Sequencing may be performed through sequencing platforms. According to the embodiments of the present application, available sequencing platforms include, but are not limited to, the Hiseq, Miseq, Nextseq, and Novaseq sequencing platforms of Illumina, the Ion Torrent platform of Thermo Fisher/Life Technologies, the BGISEQ and MGISEQ/DNBSEQ platforms of BGI, and single-molecule sequencing platforms.
In the description herein, A represents adenine and may also represent adenine nucleotide or an analog thereof; C represents cytosine and may also represent cytosine nucleotide or an analog thereof; G represents guanine and may also represent guanine nucleotide or an analog thereof; T represents thymine and may also represent thymine nucleotide or an analog thereof; U represents uracil and may also represent uracil nucleotide or an analog thereof. It should be understood that the representations of A, C, G, and T/U are consistent in the embodiments of the present disclosure. When one of them represents a base, the other three also represent bases. For example, when A represents adenine, correspondingly, C represents cytosine, G represents guanine, T represents thymine/U represents uracil. When one of them represents a nucleotide or an analog thereof, the other three also represent nucleotides or analogs thereof. For example, when A can represent adenine nucleotide or an analog thereof, correspondingly, C represents cytosine nucleotide or an analog thereof, G represents guanine nucleotide or an analog thereof, T represents thymine nucleotide or an analog thereof/U represents uracil or an analog thereof. “/” in T/U means “or”, that is: “T/U” means “T or U”.
In the description herein, unless otherwise specifically defined, based on image information, the terms “intensity” and pixel (pixel value) are used interchangeably, and the intensity or pixel may be a real or objective absolute value, or may be a relative value including various variations based on the real pixel value, such as an increased pixel value, a reduced pixel value, a proportion or relationship based on the pixel value. Generally, when comparison between a plurality of images or spots or positions in intensity/pixel is involved, the intensity/pixel of the images or spots or positions is the intensity/pixel after the same processing, such as objective pixel values or pixel values after the same transformation; and when comparison and analysis based on information of particular positions in one or more images are involved and the particular positions are determined, the images are preferably aligned and kept in the same coordinate system when determining these particular positions. In one embodiment, the “intensity” referred to in the embodiments of the present disclosure may be “fluorescence intensity”.
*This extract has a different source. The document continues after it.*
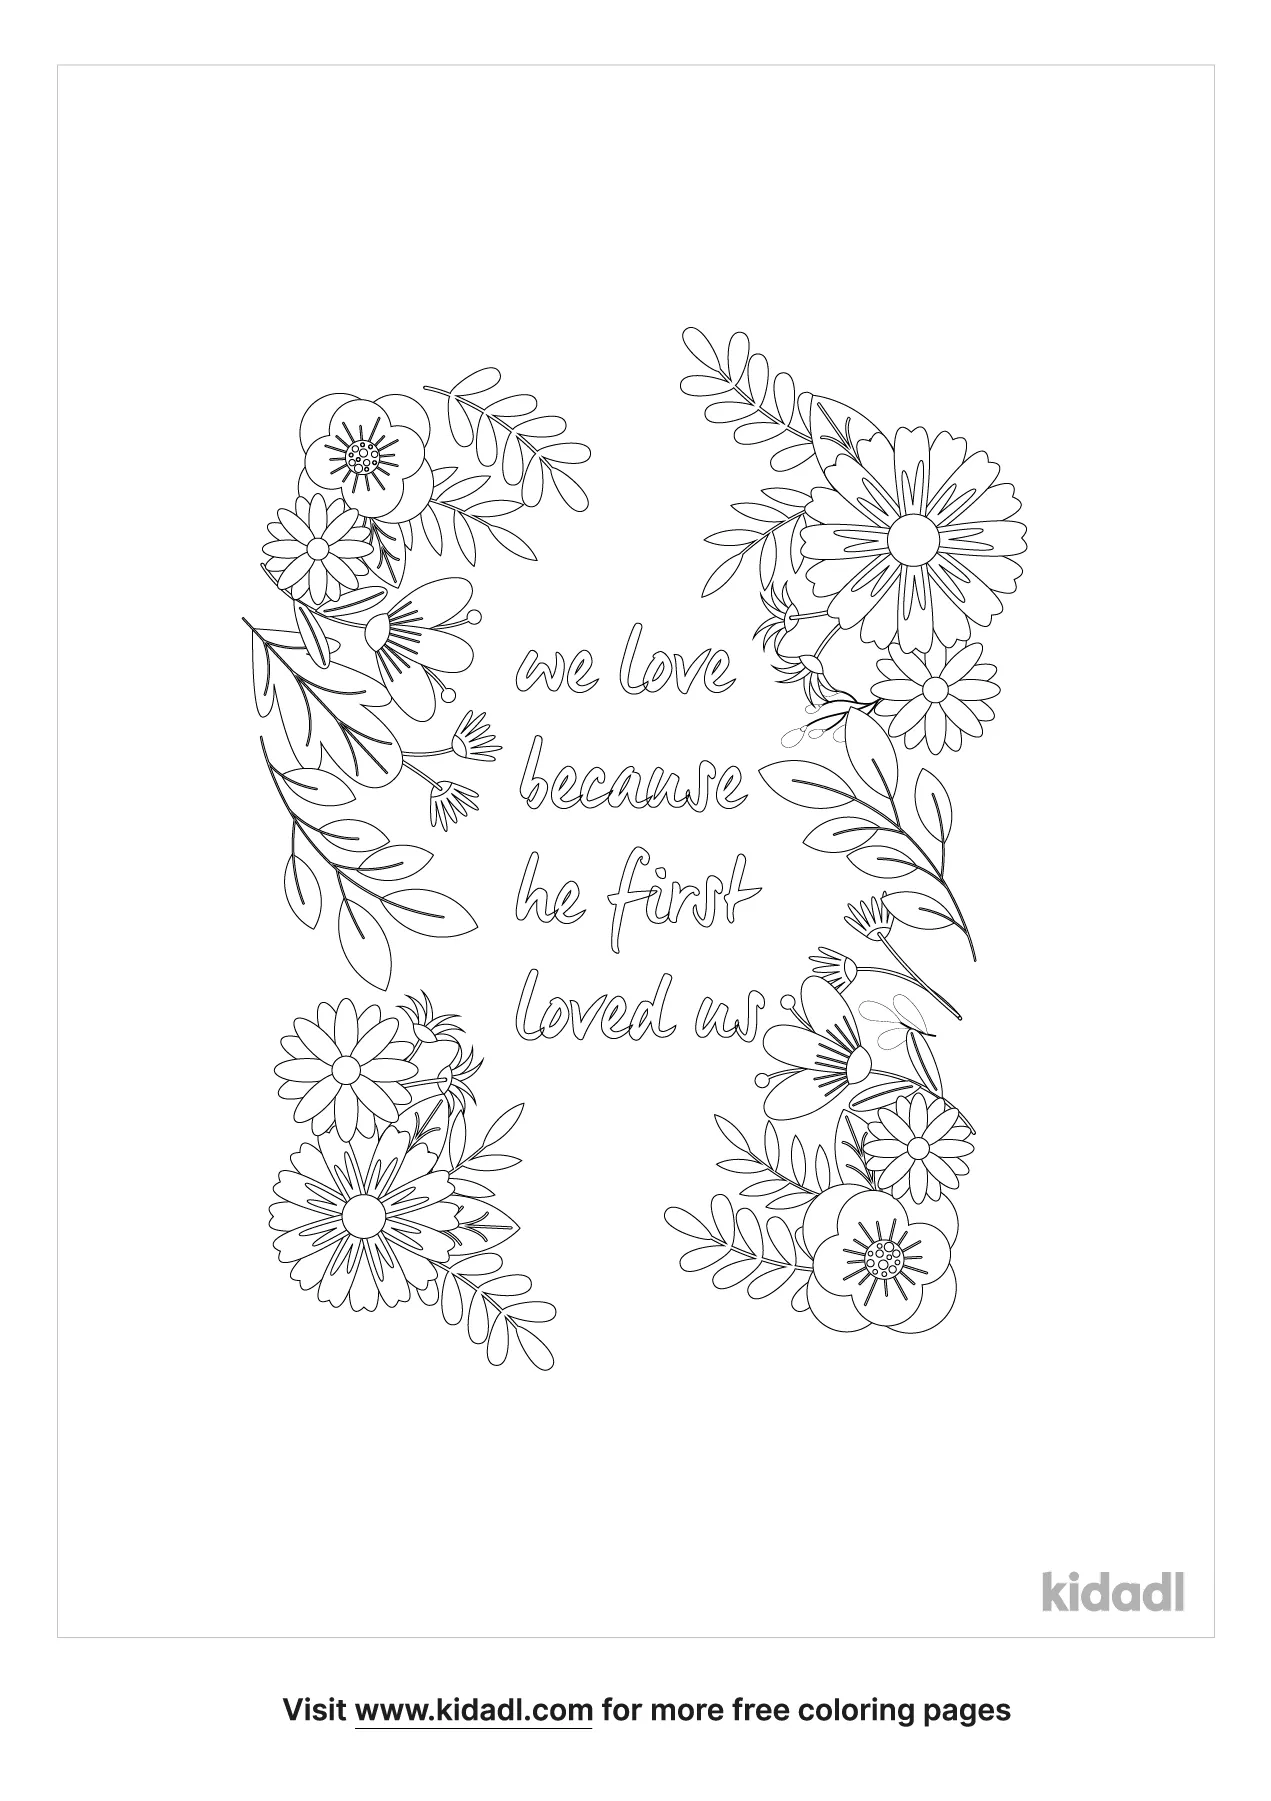 Free we love because he first loved us coloring page coloring page printables

The “spot” on an image, also referred to as “peak”, “bright dot”, or “light dot”, refers to a position on an image where the signal is relatively strong, e.g., where the signal is stronger than the surrounding signals, appearing as a relatively bright speckle or dot on the image. A spot or its location occupies one or more pixels. The signal of spot/position may come from the target molecule or from non-target substance. Detection of “spots” includes detection of the optical signal from a target molecule, such as an extended base or base cluster.
The term “crosstalk”, also referred to as “laser-crosstalk” or “spectra-crosstalk”, refers to the phenomenon that the signal corresponding to one base diffuses into the signal of another base; for sequencing platforms that use fluorescent molecules labeled differently to identify different bases, it may be detected that the signal of one fluorescent molecule diffuses into another fluorescence channel in one cycle of sequencing if the emission spectra of two or more selected fluorescent molecules overlap.
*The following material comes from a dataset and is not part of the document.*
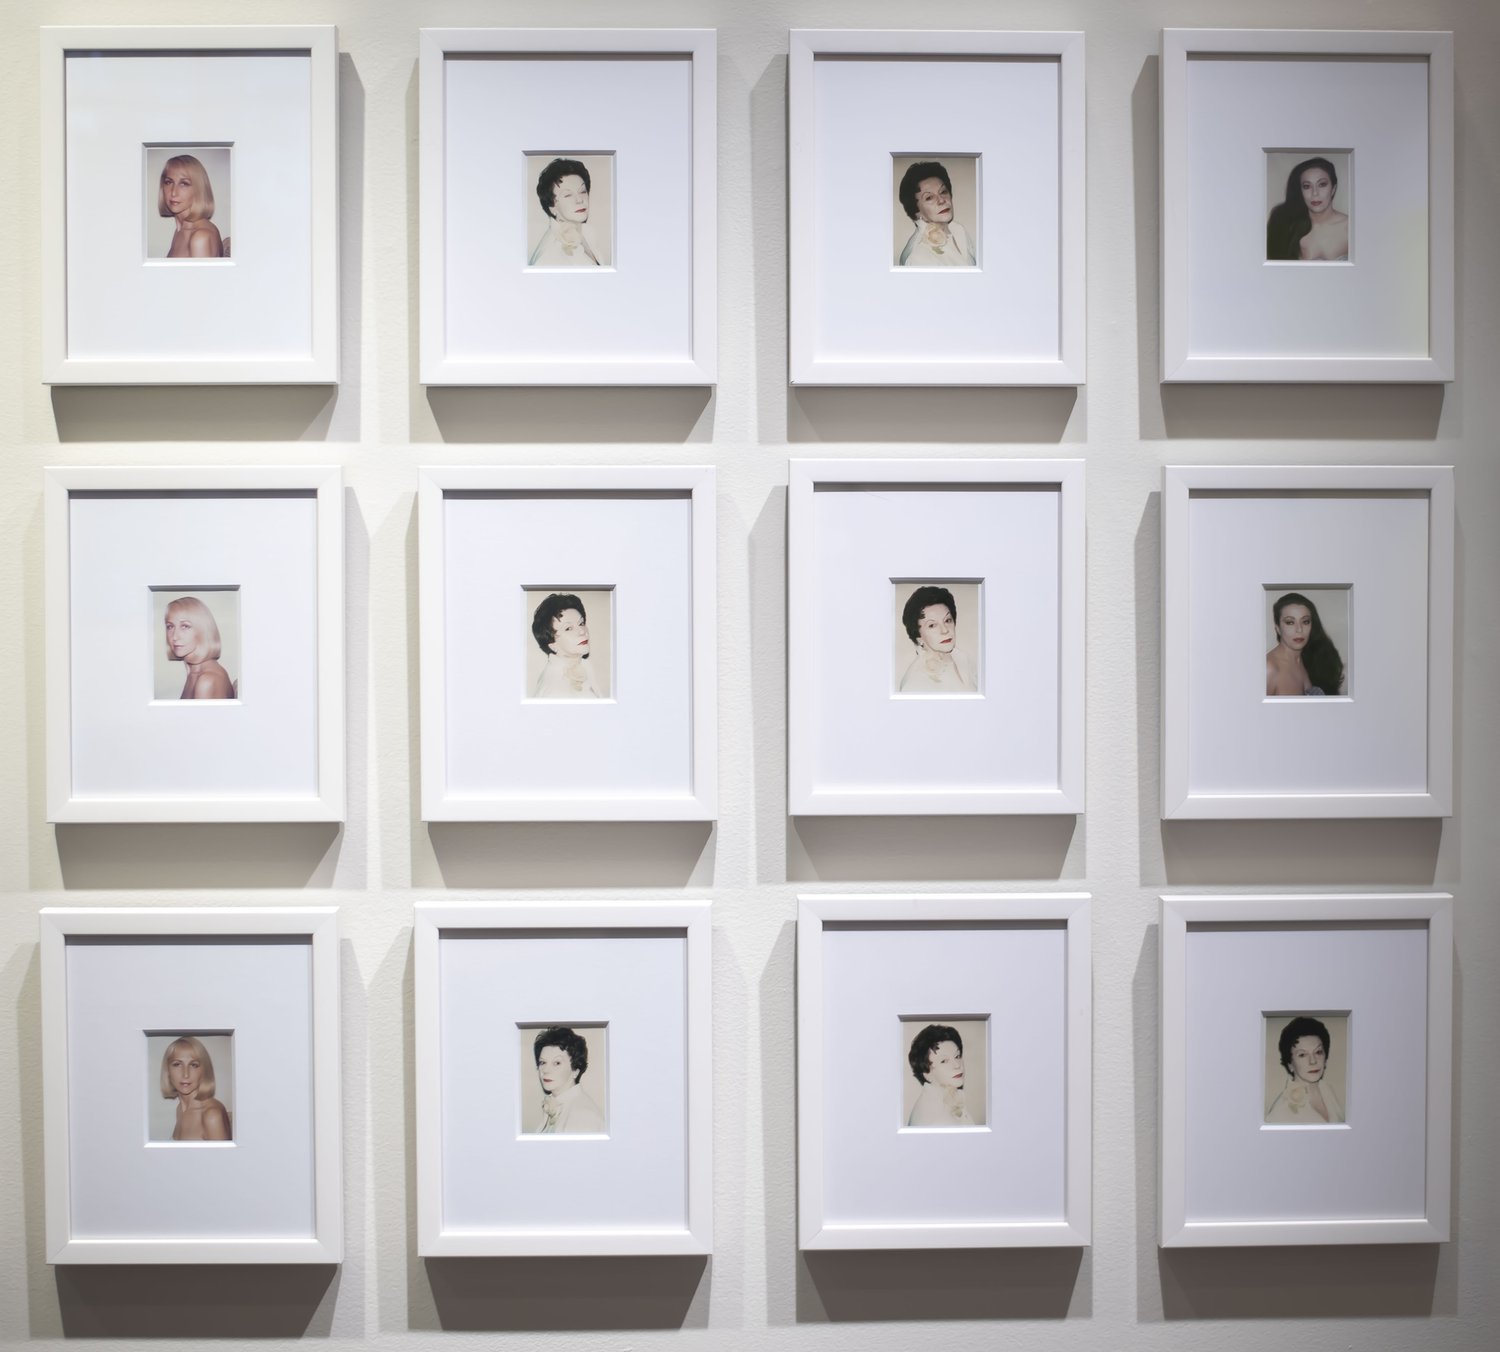 Gallery view of Warhol's portraits hanging in a grid.

The term “reaction asynchrony”, also referred to as “phasing”, “phase imbalance”, “dephasing”, or “phase diversity”, refers to the phenomenon of asynchrony of reactions between nucleic acid molecules in a group, such as a cluster of nucleic acid molecules, in a chemical reaction, including phasing or sequence lag and prephasing or sequence lead, and it is, in a sequencing platform that uses fluorescent molecules labeled differently to identify different bases, shown as the phenomenon that the signal of the fluorescent molecule corresponding to the base at a specific position is not zero in more than one cycle of sequencing. In general, sequencing is performed using nucleotides that are labeled with fluorescent molecules and have a blocking group. The blocking group on a nucleotide may prevent other nucleotides from binding to the next position on the template, and is, for example, an azido group attached to the 3′ position of the nucleotide's glycosyl, and either dropping of the blocking group or failing to remove the blocking group prior to the next base extension will result in phasing.
The term “channel” refers to four types of channels formed in different ways during the sequencing process for screening and distinguishing four types of bases derived from A, C, G, and T (or U). For example, the channel may refer to four types of fluorescence signal optical channels formed by using different excitation lights, different fluorescence filters, and the like in the sequencing process for screening and distinguishing the four fluorescent bases derived from A, C, G, and T (or U). In the practice of sequencing, images are obtained by taking pictures of the four different fluorescence channels. Ideally, each fluorescence channel only contains the signal of the fluorescent base type corresponding to the channel, but in practical cases, due to the influence of fluorescence crosstalk, the fluorescence signals of other bases may also be present in each channel besides the fluorescence signal of the corresponding fluorescent base.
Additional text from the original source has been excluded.